After fitting the Rasch model, the residuals should contain no further systematic structure. The largest eigenvalue of the residual correlation matrix can be considered the headline diagnostic; a value clearly above the simulation-based cutoff suggests a secondary dimension. However, an eigenvalue below the cutoff does not by itself support unidimensionality.

pca_cut <- RMdimResidualPCACutoff(items, iterations = 100, parallel = FALSE,
                       seed = 1)
RMdimResidualPCA(items, cutoff = pca_cut)

Partial Credit Model (9 items), n = 600 respondents. Total observed variance: 51.3% explained by measures, 48.7% unexplained. First-contrast cutoff = 1.217 based on 100 simulation iterations (99th percentile).
Component	Eigenvalue	Proportion of variance	Flagged
PC1	1.520	0.200	TRUE
PC2	1.341	0.176	TRUE
PC3	1.113	0.146	FALSE
PC4	0.909	0.119	FALSE
PC5	0.853	0.112	FALSE

Also of interest is the plot of item standardized loadings on the first residual contrast and item locations. This figure can be helpful to identify clusters in data, perhaps related to local dependency and/or multidimensionality.

RMdimResidualPCA(items, output = "ggplot")
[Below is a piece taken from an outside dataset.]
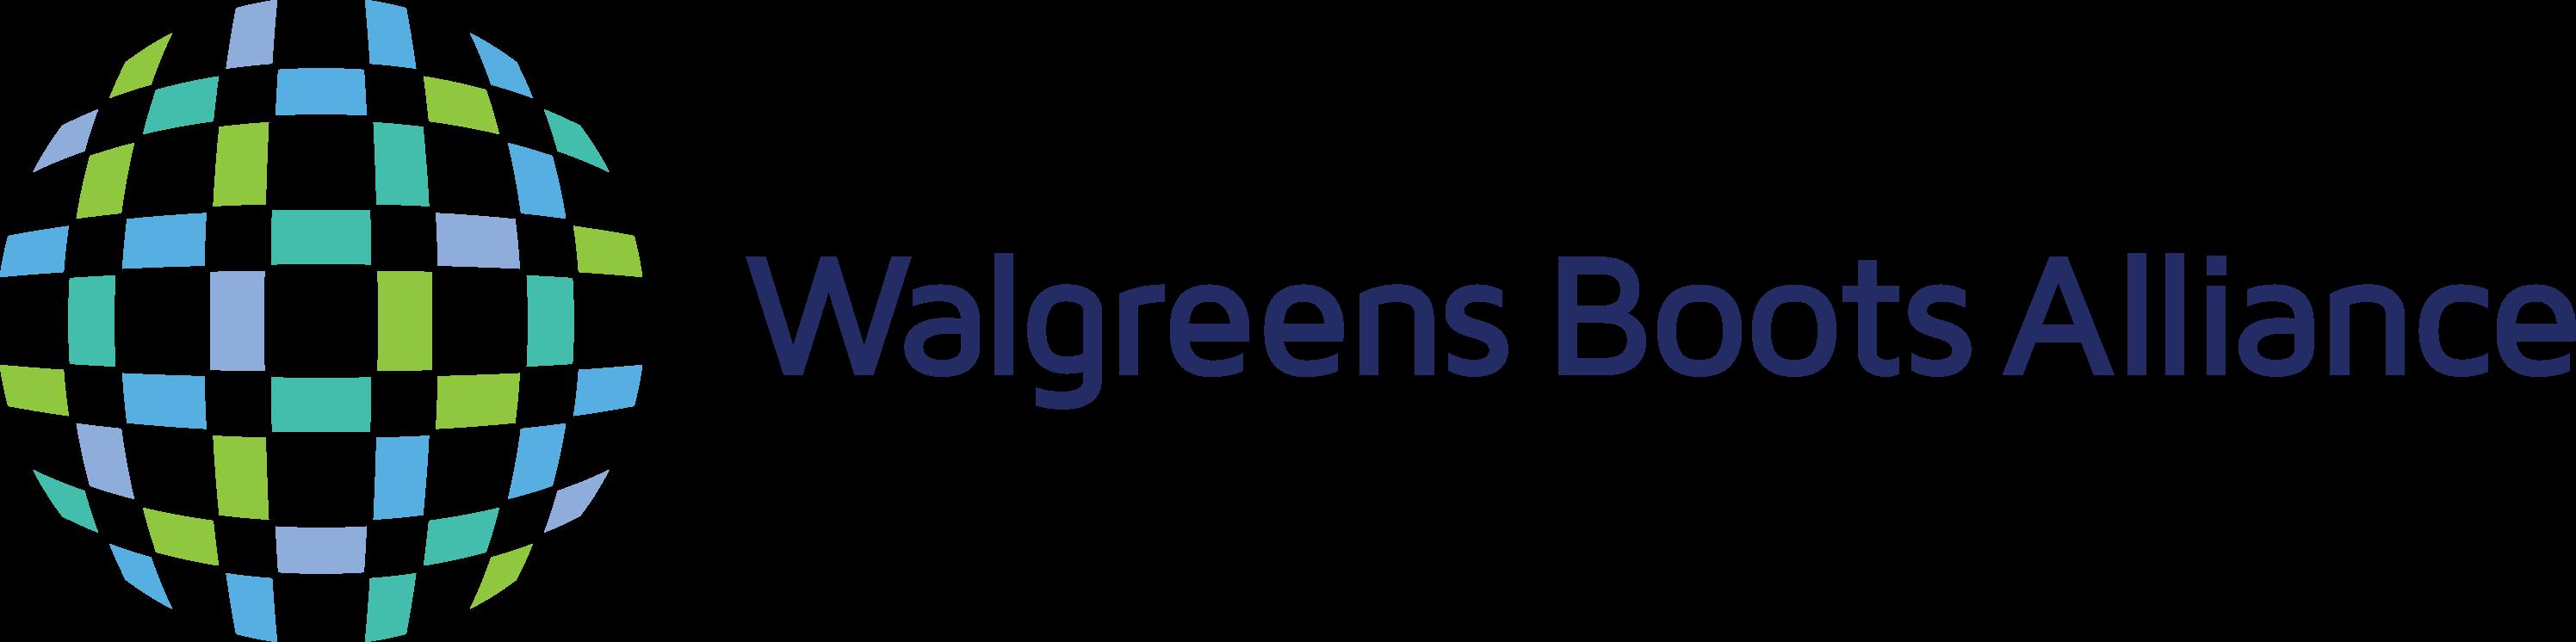 Walgreens Boots Alliance (NASDAQ:WBA) Company Logo

Figure 4. Standardized loadings on the first residual contrast

Martin-Löf test

This is a likelihood-ratio test of unidimensionality against an a priori specified multidimensional alternative. The p-value is obtained by parametric-bootstrap (Monte Carlo) sampling under the unidimensional null. A significant p-value constitutes strong evidence that items do not all measure one common latent variable. However, while a non-significant p-value indicates that data are consistent with one common latent variable across the partition, it is not to be considered proof of unidimensionality on its own.
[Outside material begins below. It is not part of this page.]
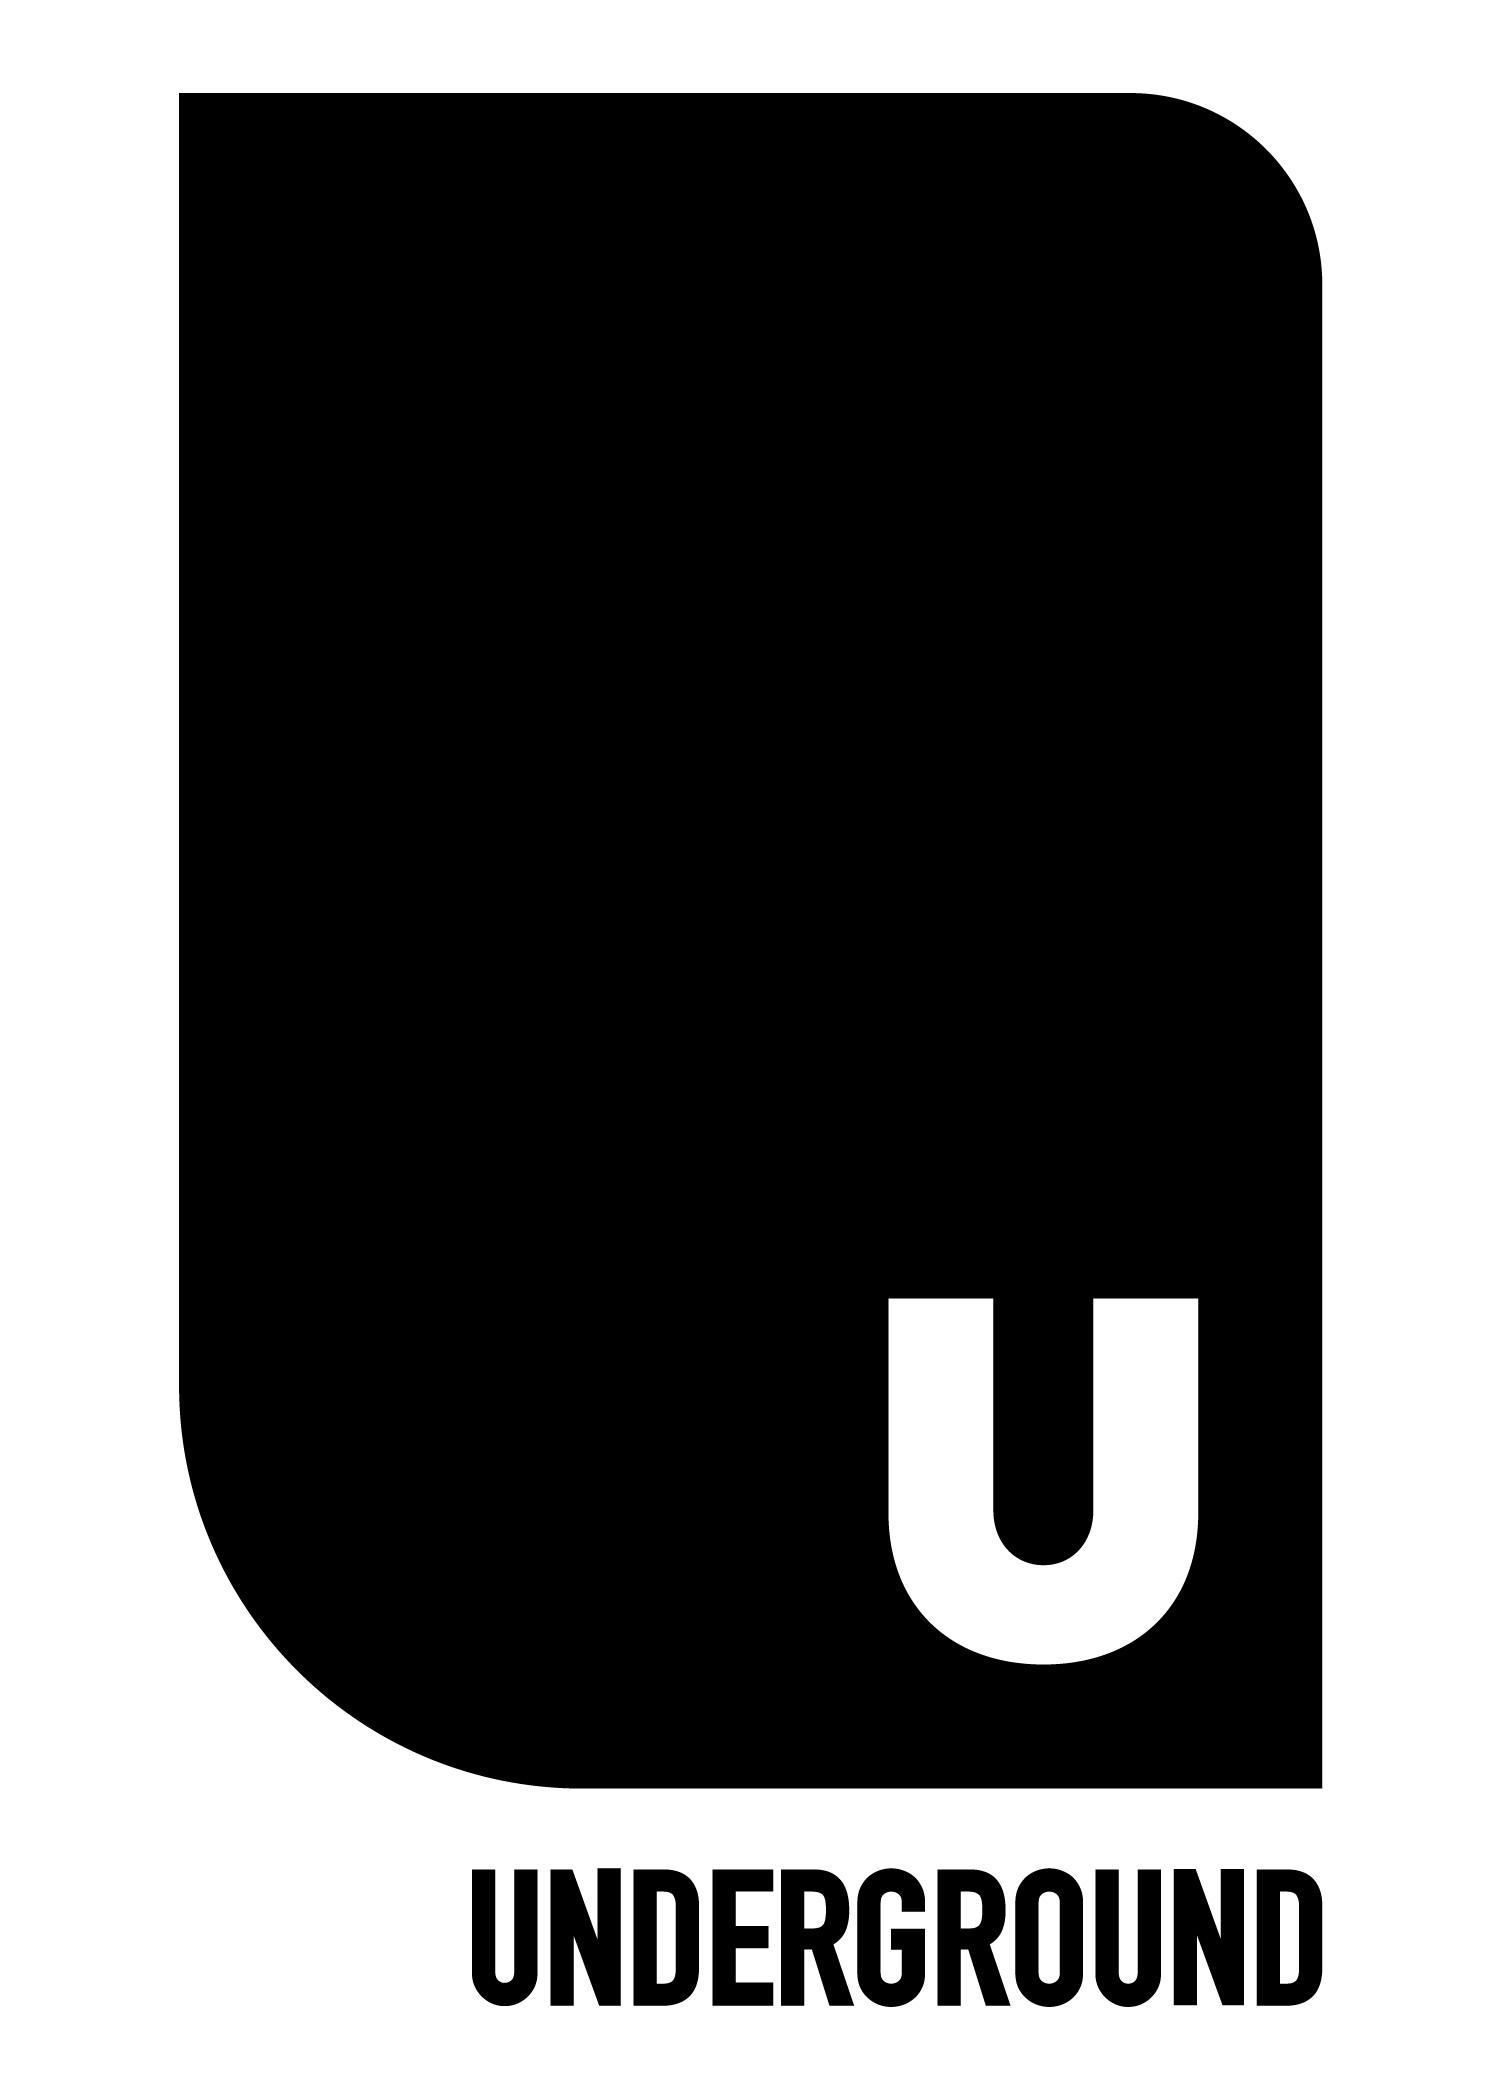 logo-vertical-black.jpg

In the use case demonstrated below, we have hypothesized that the five psychosomatic symptoms are a separate subscale from the other items. Looking at the PCA plot above, we can see tendencies of this clustering based on the loadings on the first residual contrast factor, with items 3-5 most clearly deviating from 1, 2, 6, and 9. Using the PCA plot to determine item partitioning for the M-L test is not recommended; see ?RMdimMartinLof for details and references.
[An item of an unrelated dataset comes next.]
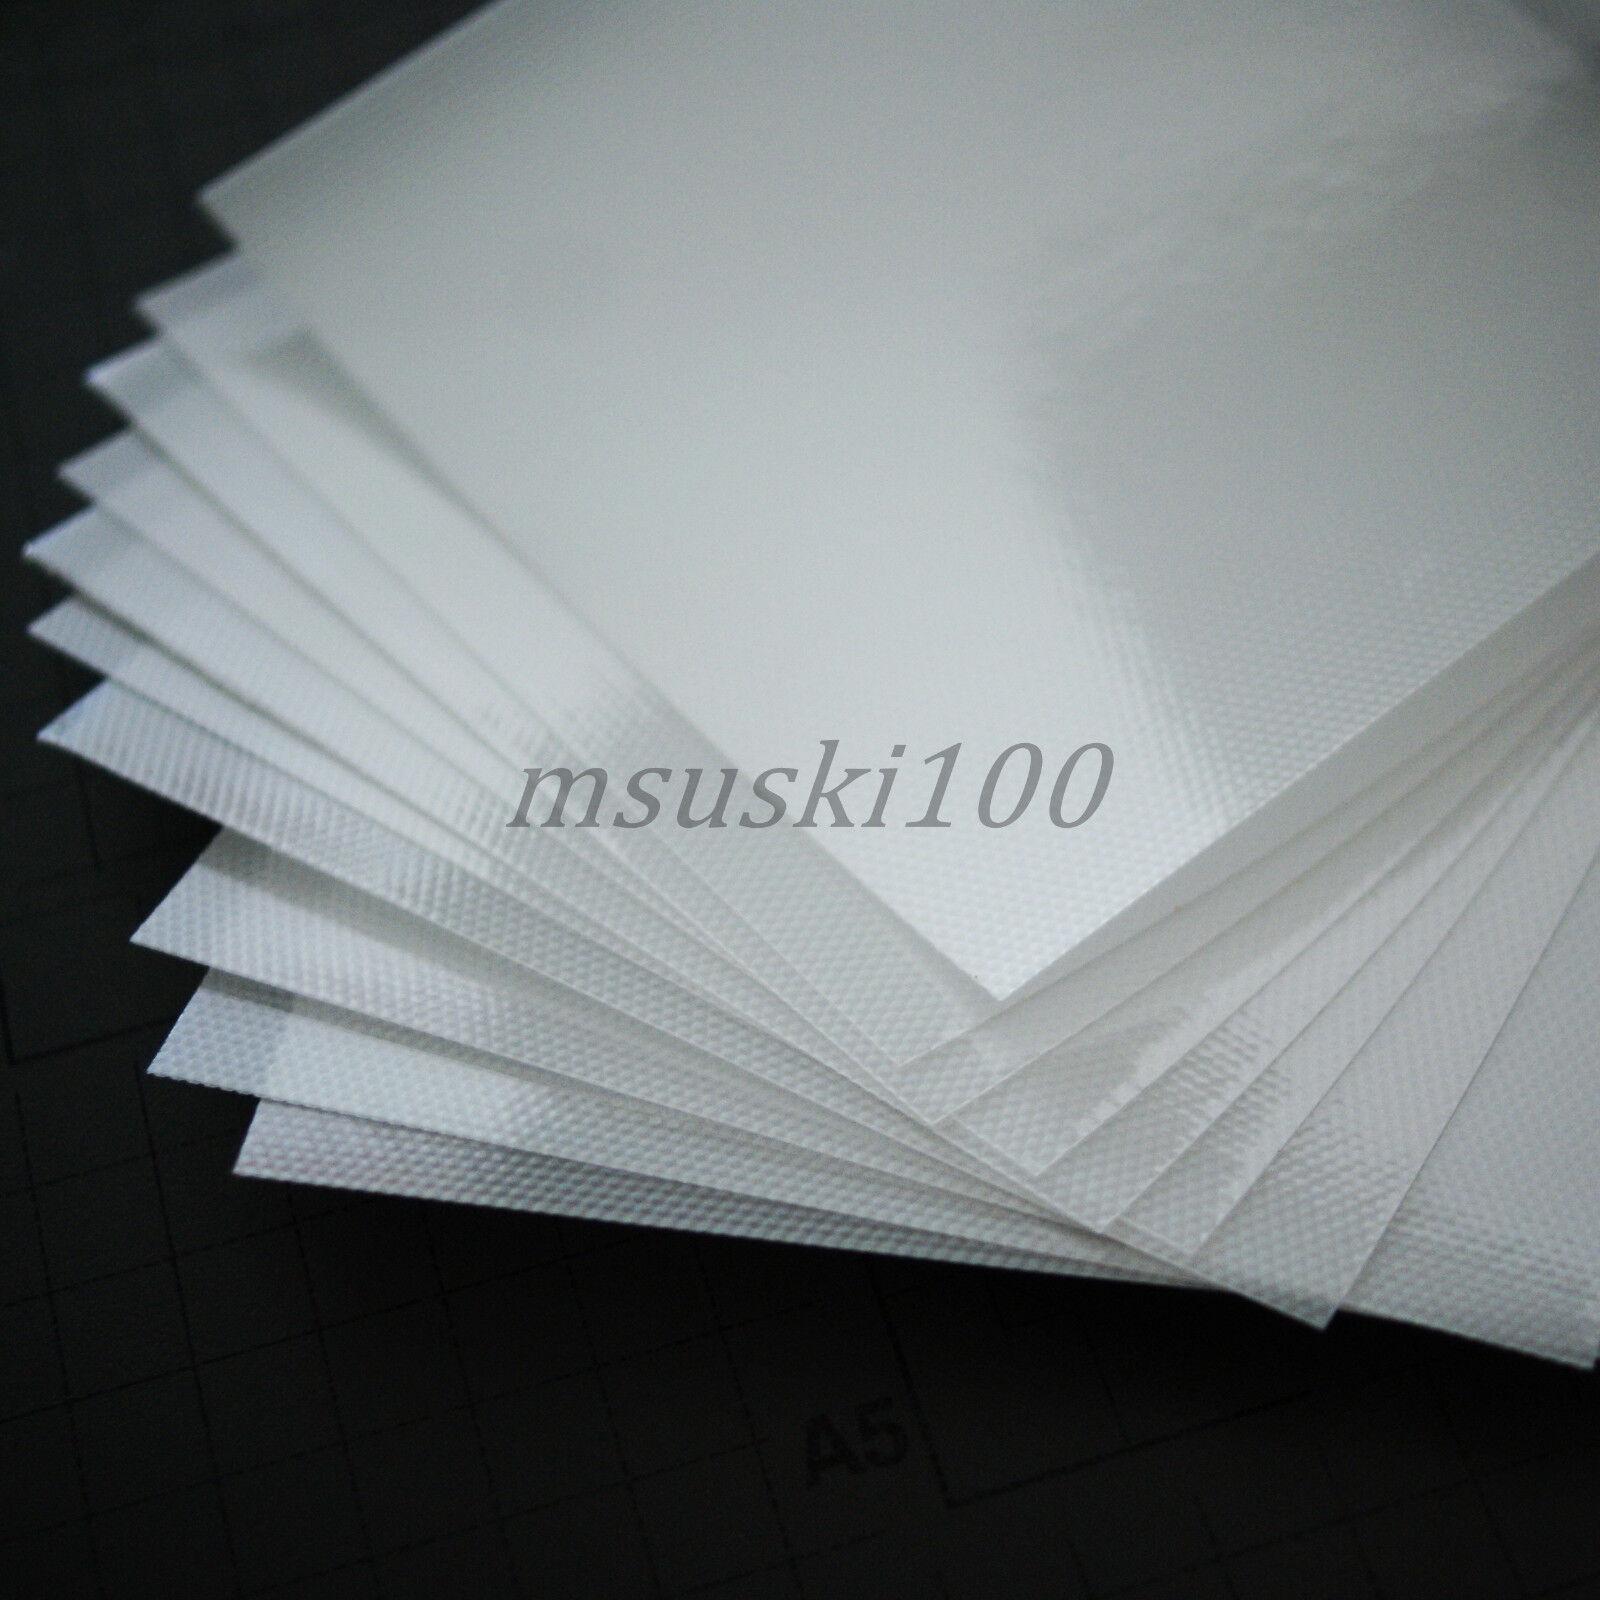 Hot Fix Transfer Mylar Acrylic Paper Sheets Rhinestone

mlof <- RMdimMartinLof(items, iterations = 100,
                       partition = list(
                         c("q1","q2","q6","q9"),
                         c("q3","q4","q5","q7","q8")
                       ),
                       seed = 4
)

mlof$p_value
#> [1] 0.00990099
mlof$wle_correlation
#>   subscale_a subscale_b         r ci_lower  ci_upper      p_value   n
#> 1          1          2 0.7174163 0.676203 0.7541533 5.994126e-96 600

The p-value rejects unidimensionality across the partition, while the subscale WLE correlation indicates the dimensions are strongly related. Note that the Monte Carlo p-value’s resolution is limited by the number of iterations: the attainable values are k/(B+1), so with B = 100 iterations the smallest possible p-value is 1/101 \approx 0.0099 (returned as mlof$p_value_floor). A p-value equal to that floor means that no simulated statistic reached the observed one and should be read as p < 0.01 — the true p-value may be much smaller. Use more iterations (e.g. 1000, floor \approx 0.001) when reporting results. The M-L test results can be further investigated using the diagnostic function RMdimMartinLofResiduals().

2. Local independence

Local independence (LD) can be assessed with multiple methods. Yen’s Q_3 statistic (Yen 1984) is the correlation between person-item standardized residuals for every item pair. Pair-wise Q_3 values above the simulation-based cutoff flag LD (Christensen et al. 2017).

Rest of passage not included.